• _Available data_:
-- -- --
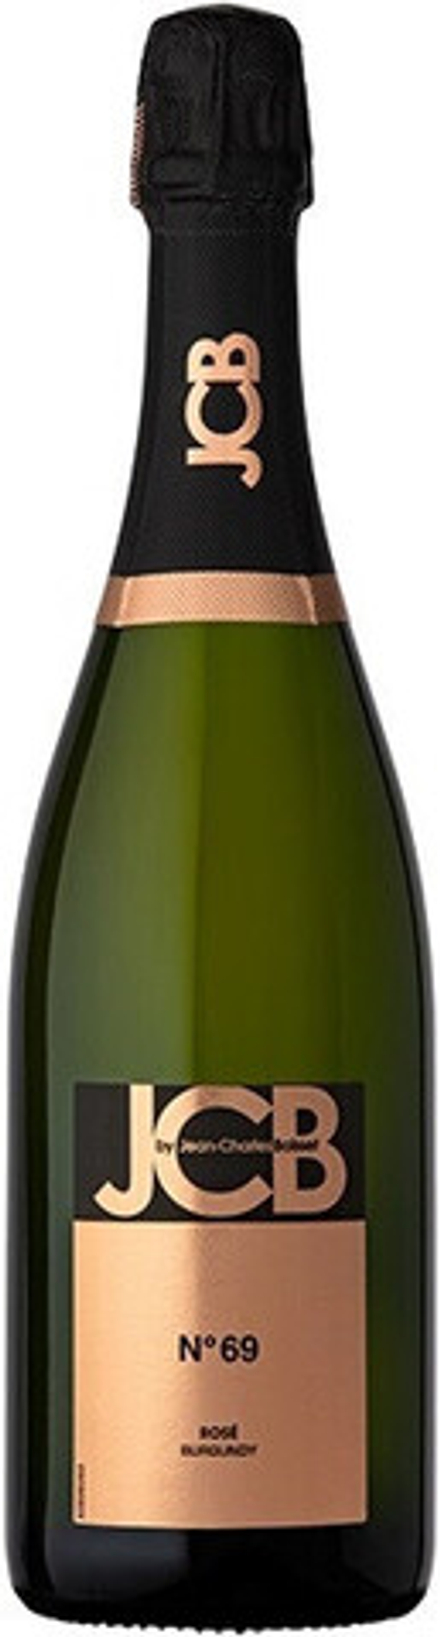 Игристое вино Cremant de Bourgogne JCB №69 Rose Brut, 0,75 л.
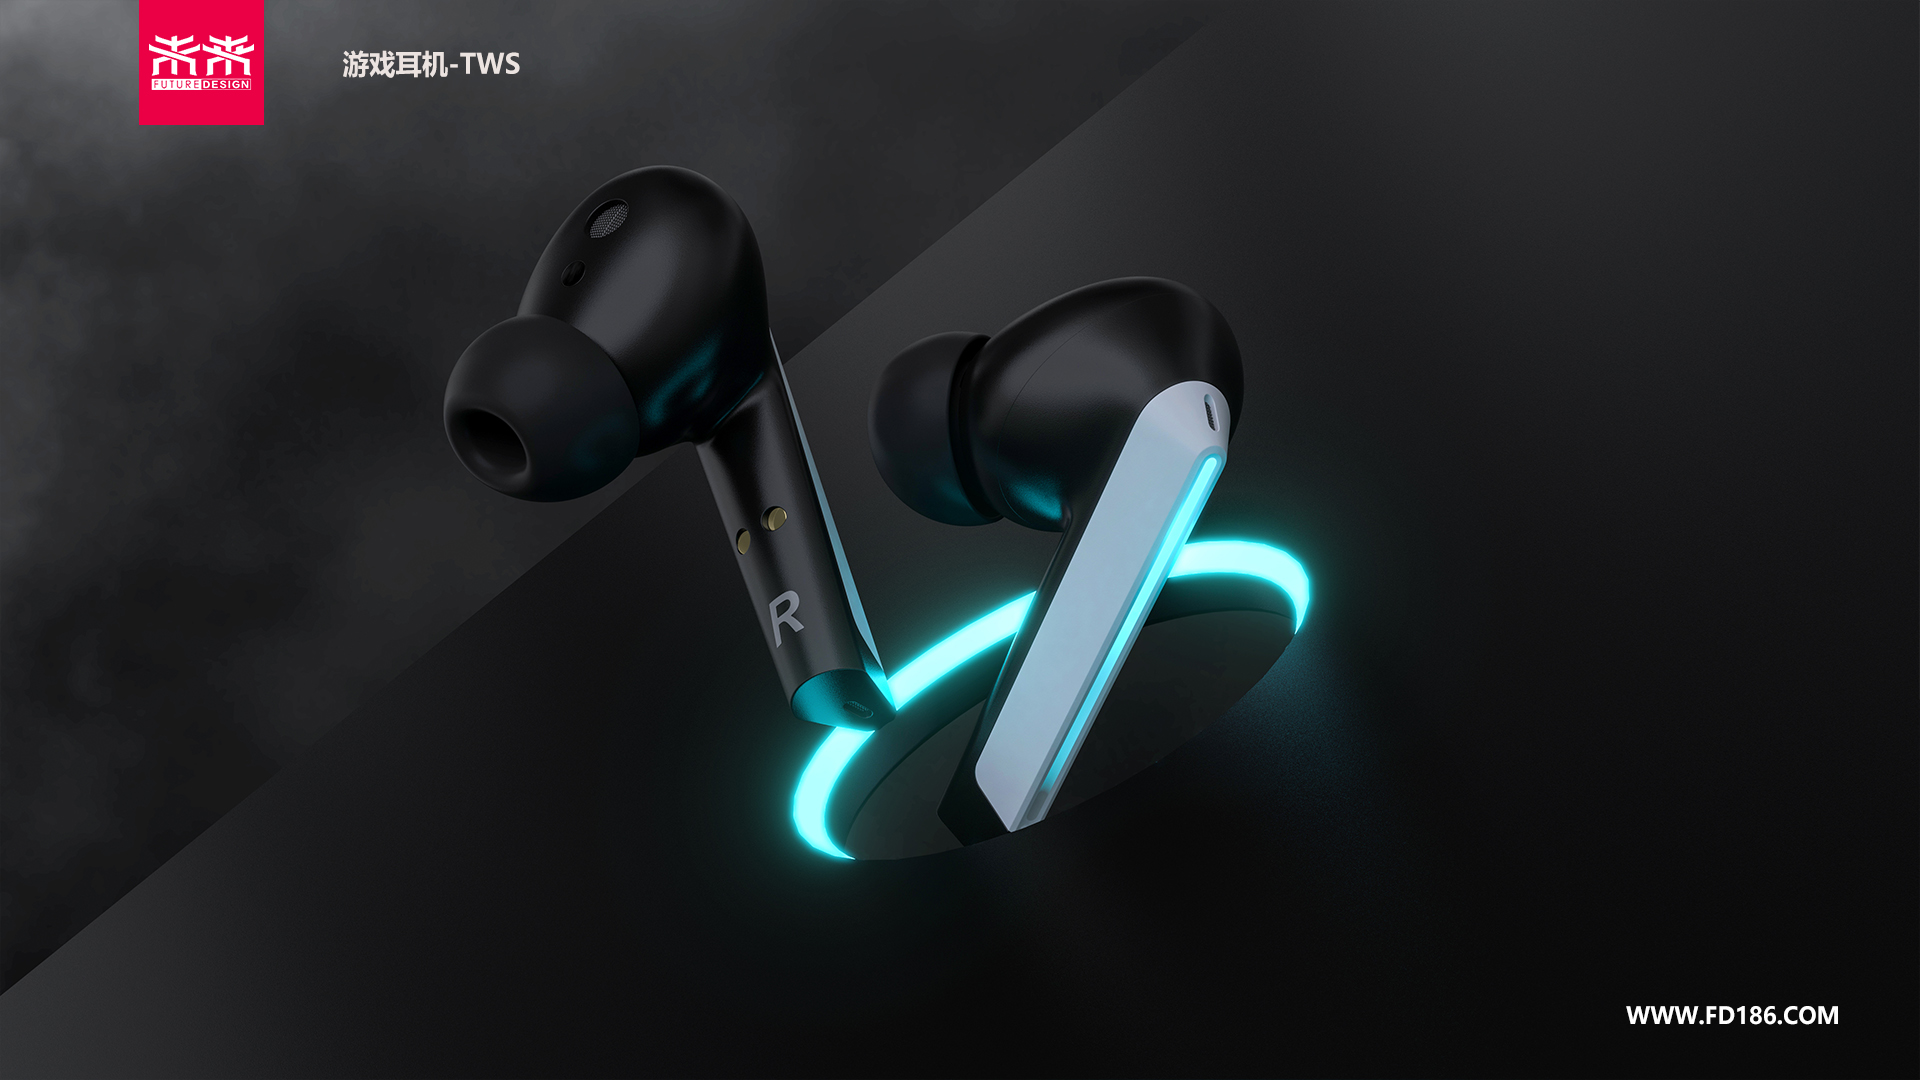 深圳工业设计公司蓝牙耳机设计案例-TWS游戏耳机
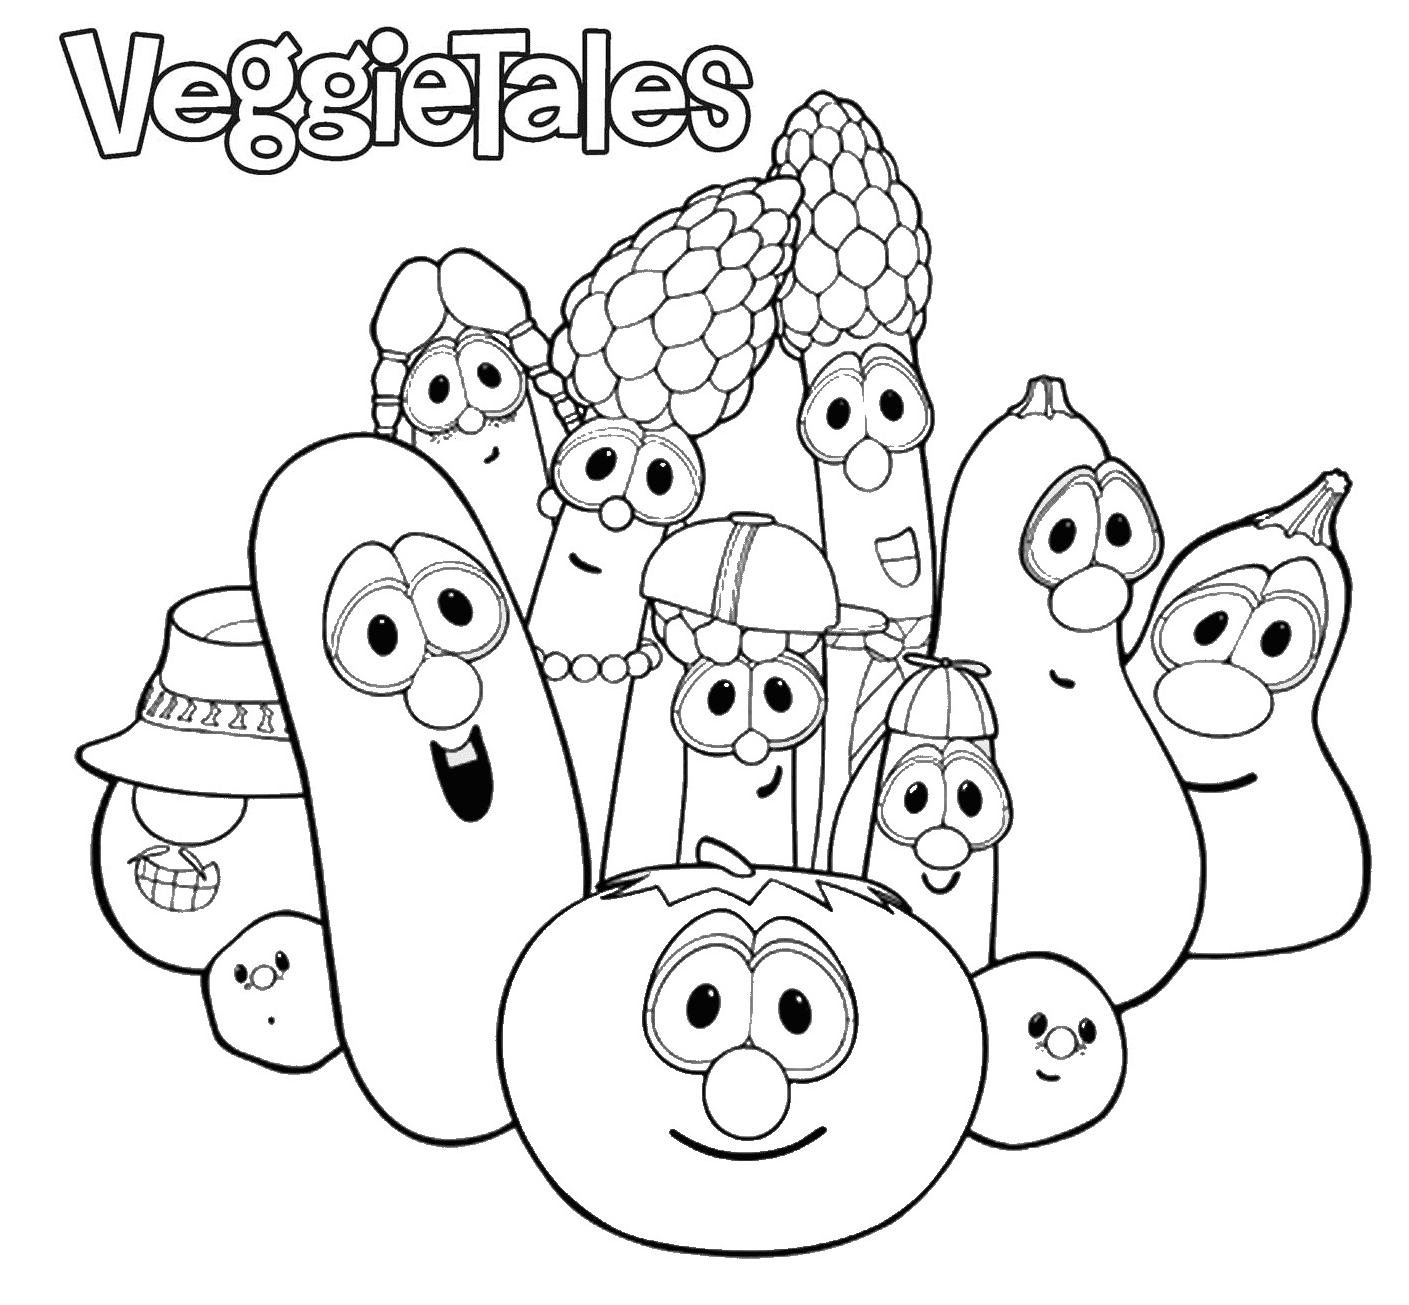 VeggieTales de VeggieTales
-- -- --
• _Problem to work on_: Without any pictures, transcribe the listing above exactly as written.

• _Result of the task_:
 Игристое вино Cremant de Bourgogne JCB №69 Rose Brut, 0,75 л.
 深圳工业设计公司蓝牙耳机设计案例-TWS游戏耳机
 VeggieTales de VeggieTales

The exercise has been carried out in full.